We use two optimization methods to improve the convergence. Apply the test function to each candidate model. The hAhr_test function requires a lot of calculation time, especially for models with large lag orders, so we only do the calculation in the second step and limit the selection of lag restriction test. AIC selection model has 9 order lag:

``Selected model with AIC = 21551.97 Based on restricted MIDAS regression model The p-value for The null hypothesis of The Test HAHR_TEST is 0.5531733 Parameters: T the value Estimate Std. Error (Pr > | | t) (Intercept) * * rv1 0.93707 0.02729 34.337 0.96102 0.36944 2.601 0.00933 < 2-16 * * * e Rv2-1.19233 0.19288-6.182 7.08E-10 *** Rv3 0.09657 0.02190 4.411 1.06E-05 *** \-\ -Signif. 0 '***' 0.001 '**' 0.01 '.' 0.1 '1 Residual standard error: 5.524 on 3440 degrees of freedom``

HAC of HAH_TEST again cannot reject the null hypothesis of exponential Almon lag. We can study the prediction performance of the two models using a rolling prediction with a window of 1000 observations. For comparison, we also calculate the predictions of the unrestricted AR (20) model.

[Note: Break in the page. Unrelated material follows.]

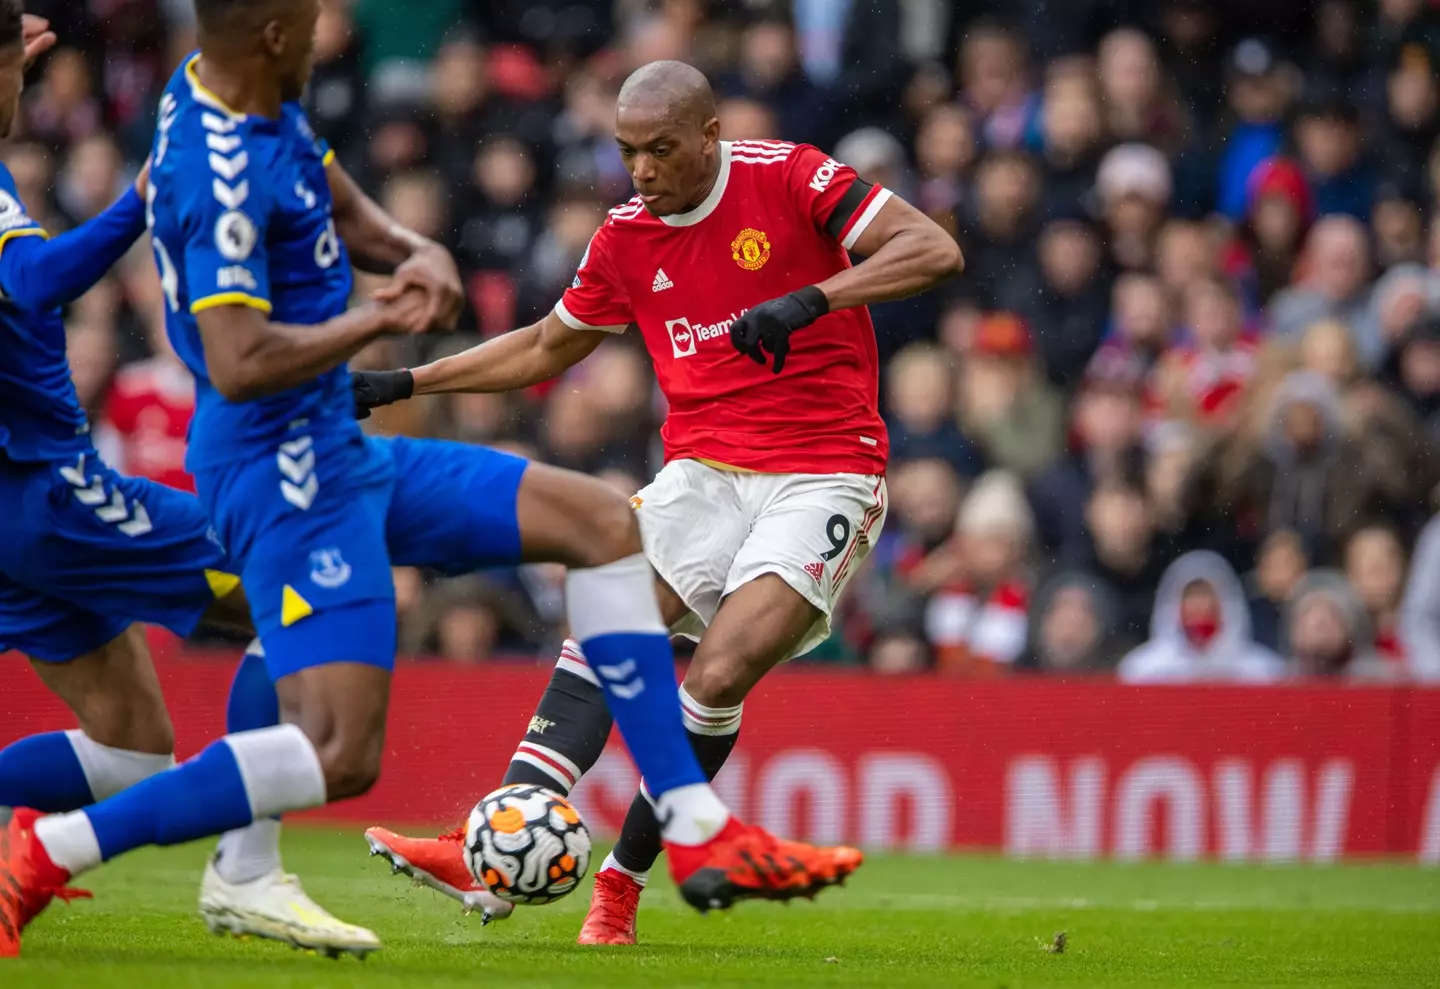 Martial is said to be unhappy with his lack of game time at Old Trafford (Image credit: PA)
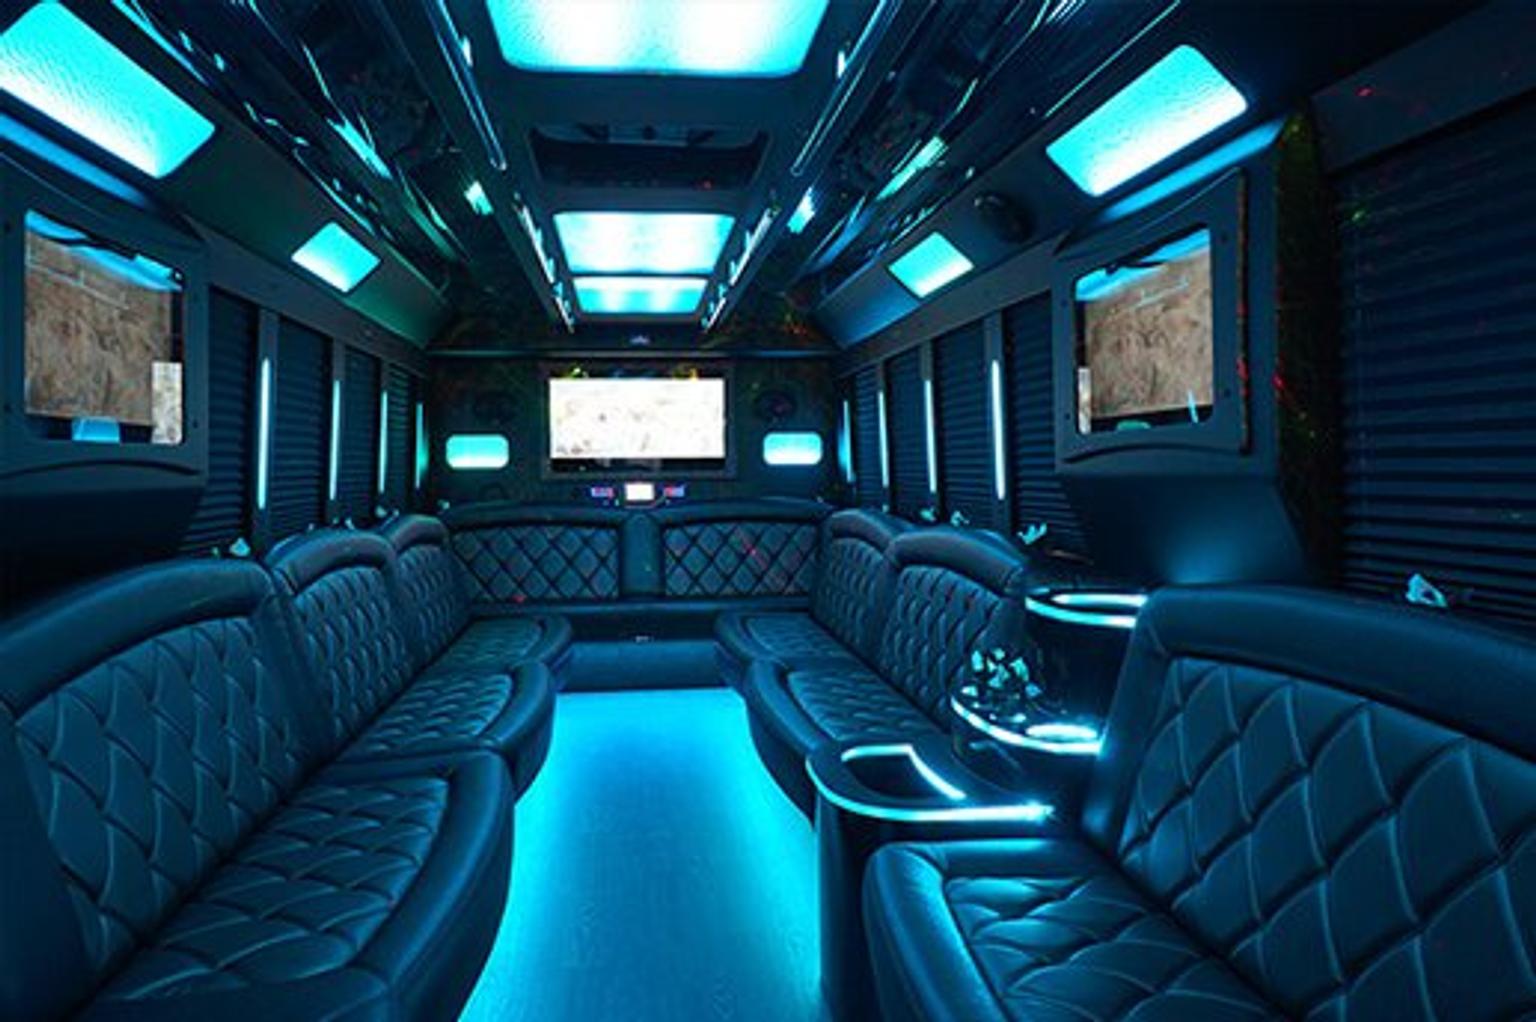 Limo Party Bus Services In Ls6 Leeds Fur 75 00 Zum

``1 rv ~ (rv, 1:20, 1) 10.82516 26.60201 2 rv ~ (rv, 1:20, 1) 10.82516 26.60201 2 rv ~ (rv, 1:20, 1) 3 rv ~ (rv, 1:9, 1, 1) Sample mse.in. Sample MAPE.in. Sample MASE. In. Sample MASE 0.8333858 2 0.8019687 29.24989 21.59220 0.8367377 3 0.7945121 29.08284 21.81484 0.8401646``

We see that the exponential Almon hysteresis model is slightly better than the HAR-RV model, and that both models are better than the AR (20) model.

### reference

Andreou E, Ghysels E, Kourtellos A (2010). “Regression models with mixed sampling frequencies.” Journal of Econometrics, 158, 246-261. DOI: 10.1016 / j.econom.2010.01 004.

Andreou E, Ghysels E, Kourtellos A (2011). “Prediction of mixed frequency data.” In MP Clements, DF Hendry (eds.), Oxford Handbook of Economic Forecasting, pp. 225-245.